An animal rights group which took covert footage at a halal goat abattoir in rural Victoria has been ordered to pay $130,000 in damages to the facility.
In a Federal Court judgment delivered on 19 December, Farm Transparency International (FTI) was ordered to pay The Game Meats Company of Australia (GMC) general damages of $30,000 and exemplary damages of $100,000 over its trespass and filming at the abattoir in Eurobin earlier this year.
Seven times between January and April, FTI members crawled under a security fence at night, then installed and later collected covert video-recording equipment.
In May, FTI sent footage with a complaint of animal cruelty to the Department of Agriculture, Fisheries and Forestry, which forwarded it to GMC. A few days later, FTI sent the footage to Channel Seven, which then ran a story about the footage content (but did not republish the footage). FTI then posted the footage on the internet, with a media release and related commentary.
GMC obtained an order restraining FTI from publishing the footage, which was then removed from the internet.
The business then amended its originating application for orders to restrain FTI from publishing any video, to assign copyright to GMC, and for FTI to pay damages.
It argued the footage was obtained by trespassing; that the sharing of the footage breached Australian Consumer Law and was effected by malice; and that GMC should have copyright to the footage.
FTI argued relief was not available to GMC to protect it from the consequences of its own conduct, and such relief would “impermissibly burden the right that is impliedly conferred upon it by the Constitution to communicate freely about matters of politics or government”.
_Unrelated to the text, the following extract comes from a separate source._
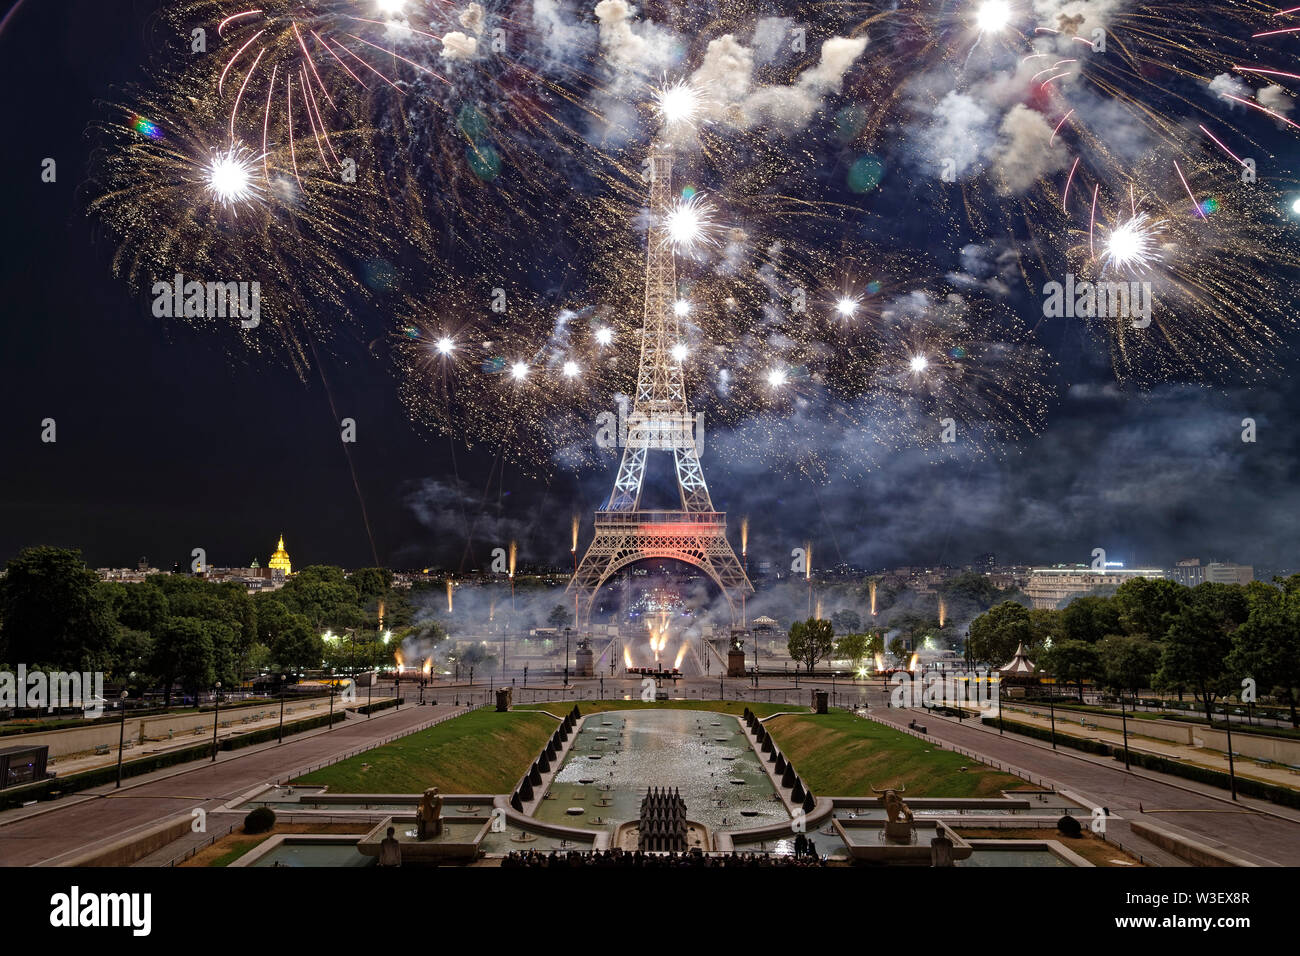 Paris, France. 14 juillet, 2019. Scène de nuit de feux d'artifice à la Tour Eiffel, dans la capitale française Paris, 14 juillet, 2019. Banque D'Images
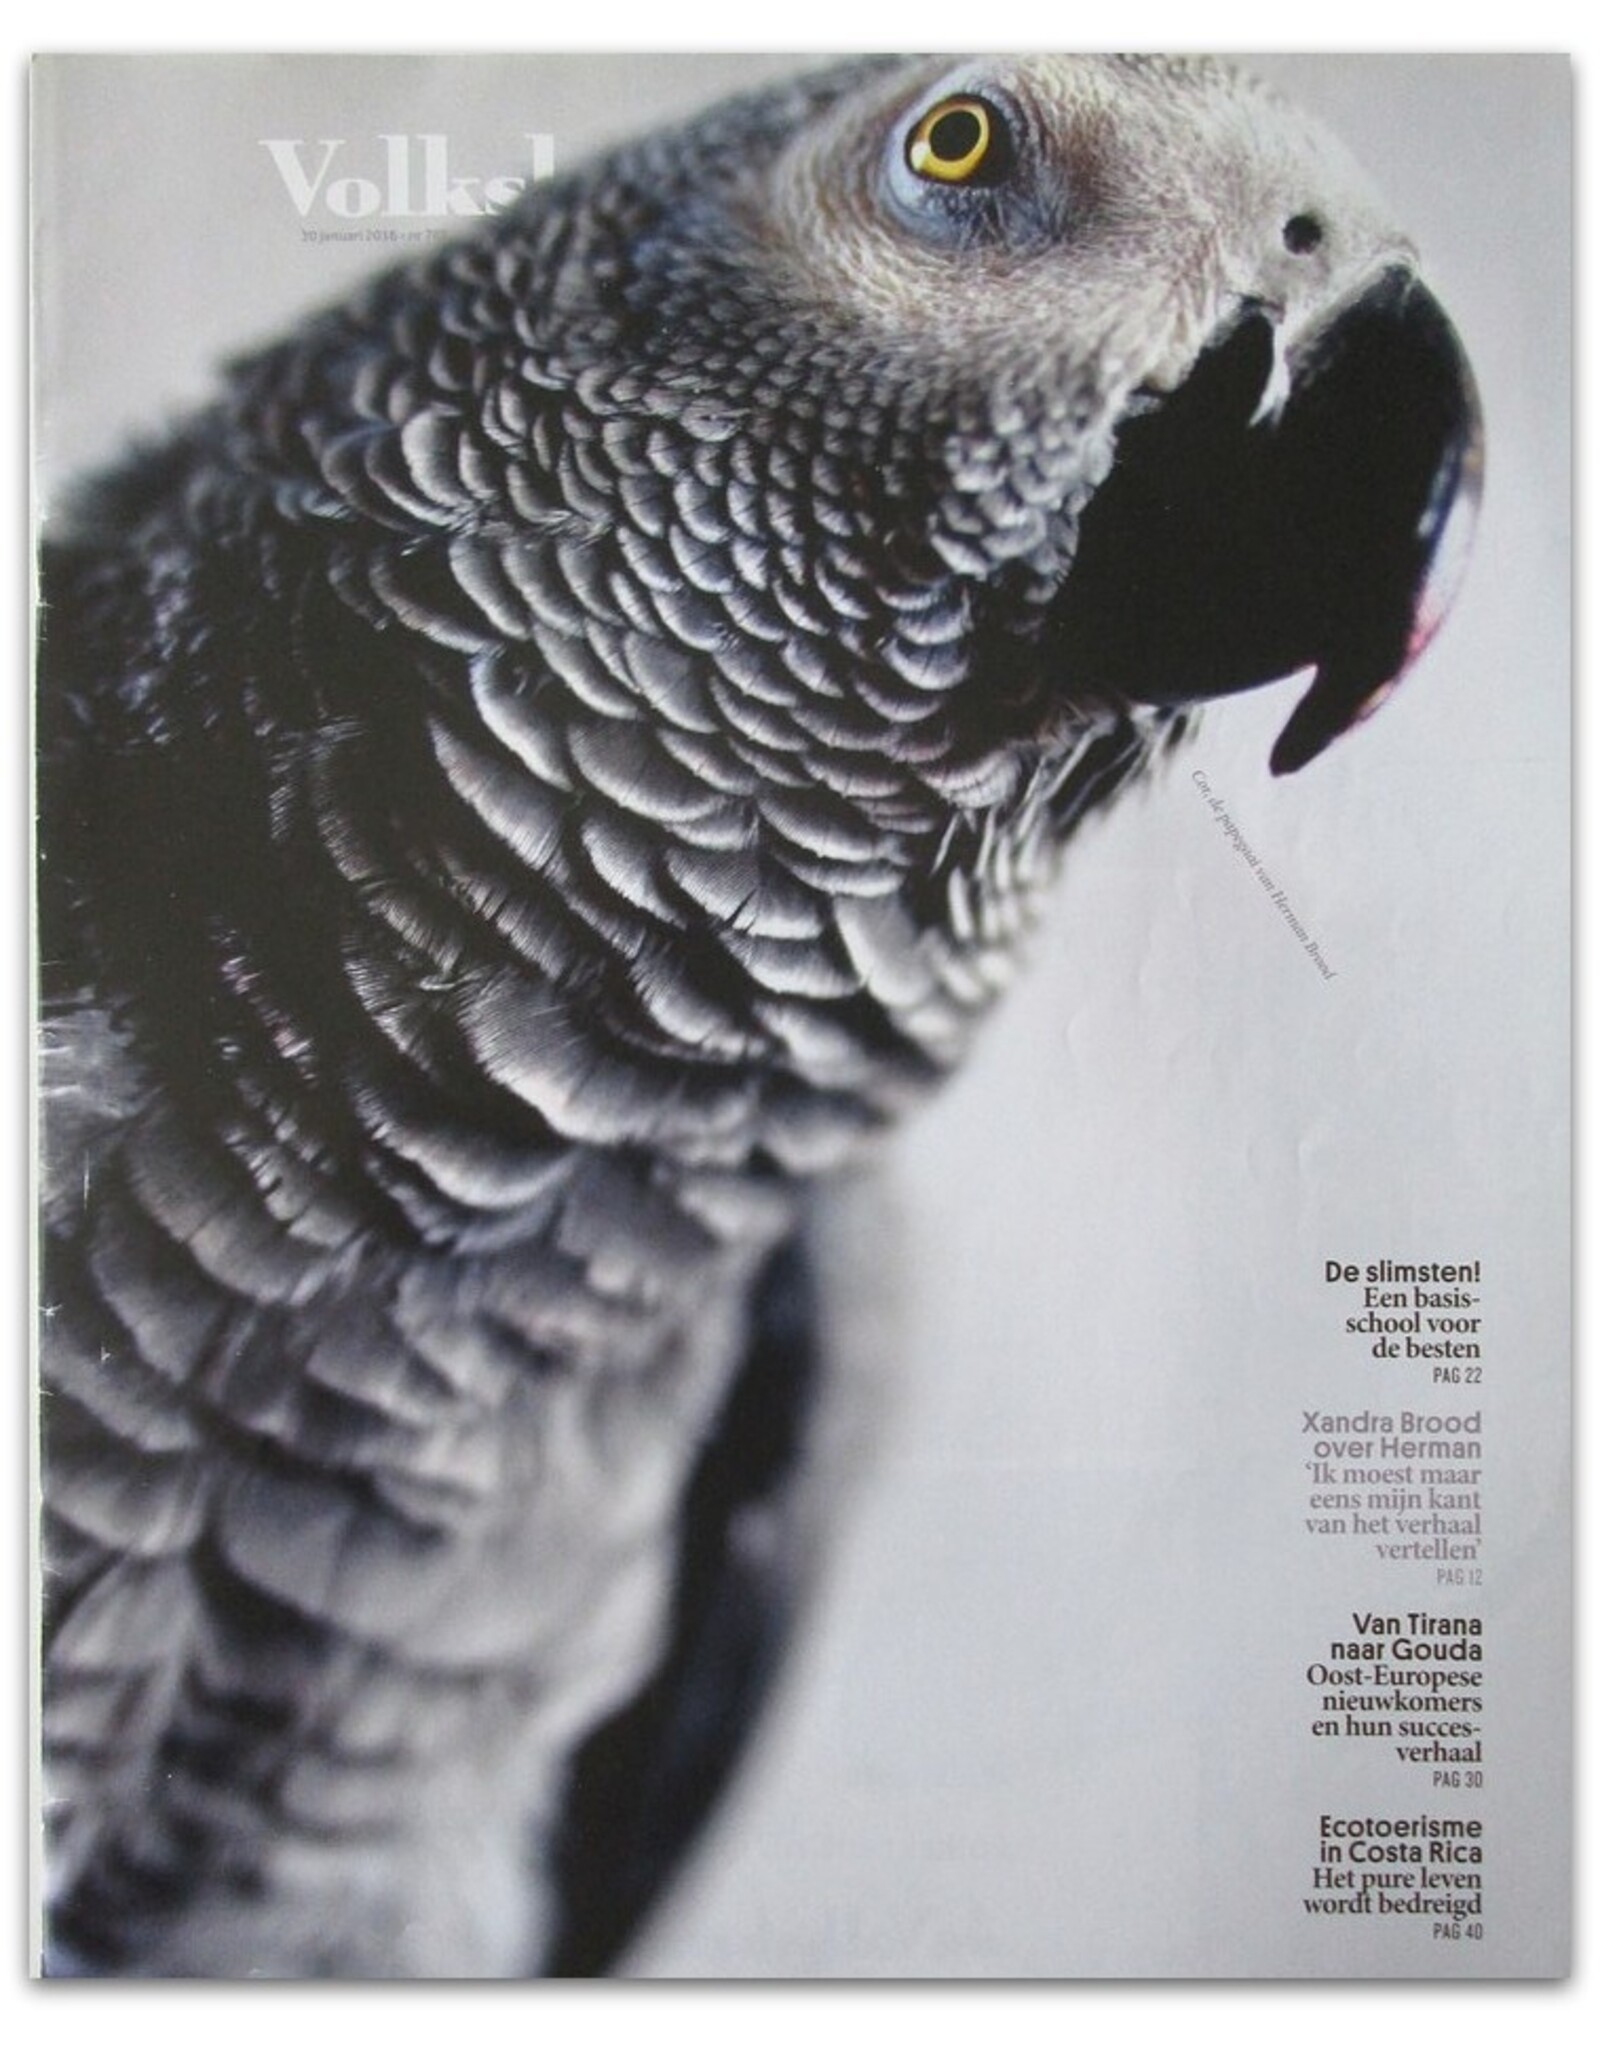 Gerard Wessel [e.a.] -Volkskrant Magazine 769: [Cor, de papegaai van Herman en Xandra Brood]

In his 69-page decision, Justice Snaden pointed to GMC’s adherence to Australian Standards, including the use of on-plant veterinarians who conducted periodic animal welfare audits and weekly meetings with abattoir management to discuss any animal welfare issues.
He also pointed to the trespassers taking no biosecurity precautions, and that their 100 hours of footage had been condensed into 14 minutes.
“Numerically, GMC was at pains to underline that the 14-minute footage depicted somewhere in the vicinity of 60 animals of the nearly 53,000 that it slaughtered over the period that FTI’s cameras were installed at the Eurobin premises,” he said.
“Even taking FTI’s claims at their highest, GMC maintains that it could not fairly be said on those numbers to operate indifferently to matters of animal welfare, nor with condoned or systematic animal cruelty.
“The evidence paints a reasonably clear picture. GMC is a sizeable, professional and reputable undertaking, which, at the very least, strives to operate in accordance with what the law expects…
“Any suggestion that it condones or is indifferent to animal suffering is or would be false, as would be the more serious suggestion that it is systematically cruel to the animals that it slaughters.”
Justice Snaden found injurious falsehood had not been proven by GMC, nor that the publications were effected by malice. He also found the copyright in the footage was not subject to a constructive trust.
He said a consideration in assessing general damages in this case was that the abattoir was well secured to protect the property and its operations.
Other considerations were that the trespasses “represented serious and determined invasions, which were repeated and regular, conducted late at night over several months”, subjected the facility to “potentially very serious biosecurity risks”, and involved deliberate damage.
“FTI appears to have reckoned that the movement that it champions excuses it from a basic custom observed throughout the civilised world; that the virtue of its purpose and the ‘investigations’ that it considers that that purpose demands somehow licence the deliberate, persistent, repeated and unrepentant invasion of the rights of others,” he said.
“Of that notion it must unambiguously be disabused.”
Justice Snaden said the evidence was clear that GMC was “but one in a long line of victims of FTI’s tortious conduct”.
“Other businesses have had – and yet others will very likely have – their premises invaded, presumably (as here) in the dead of night by masked vigilantes,” he said.
“They may have (or have had) holes drilled into buildings to accommodate hidden recording equipment, their operations exposed to potentially catastrophic biohazards and their staff unknowingly subjected to covert surveillance – not by accountable public servants acting with legitimate authority but by fanatical strangers who want them to lose their jobs.
“The general damages that I will impose will not come remotely close to what the court should hope to achieve by way of deterrence of conduct that is very plainly obnoxious to public conscience.
“I accept that an award of exemplary damages is necessary in this matter to give FTI pause to consider whether it should prefer lawful means of persuasion over those that it employed against GMC.
“It may well be that that is beyond what the court can realistically hope to achieve; but it is, nonetheless, an aspiration that should inform the relief that should be granted.”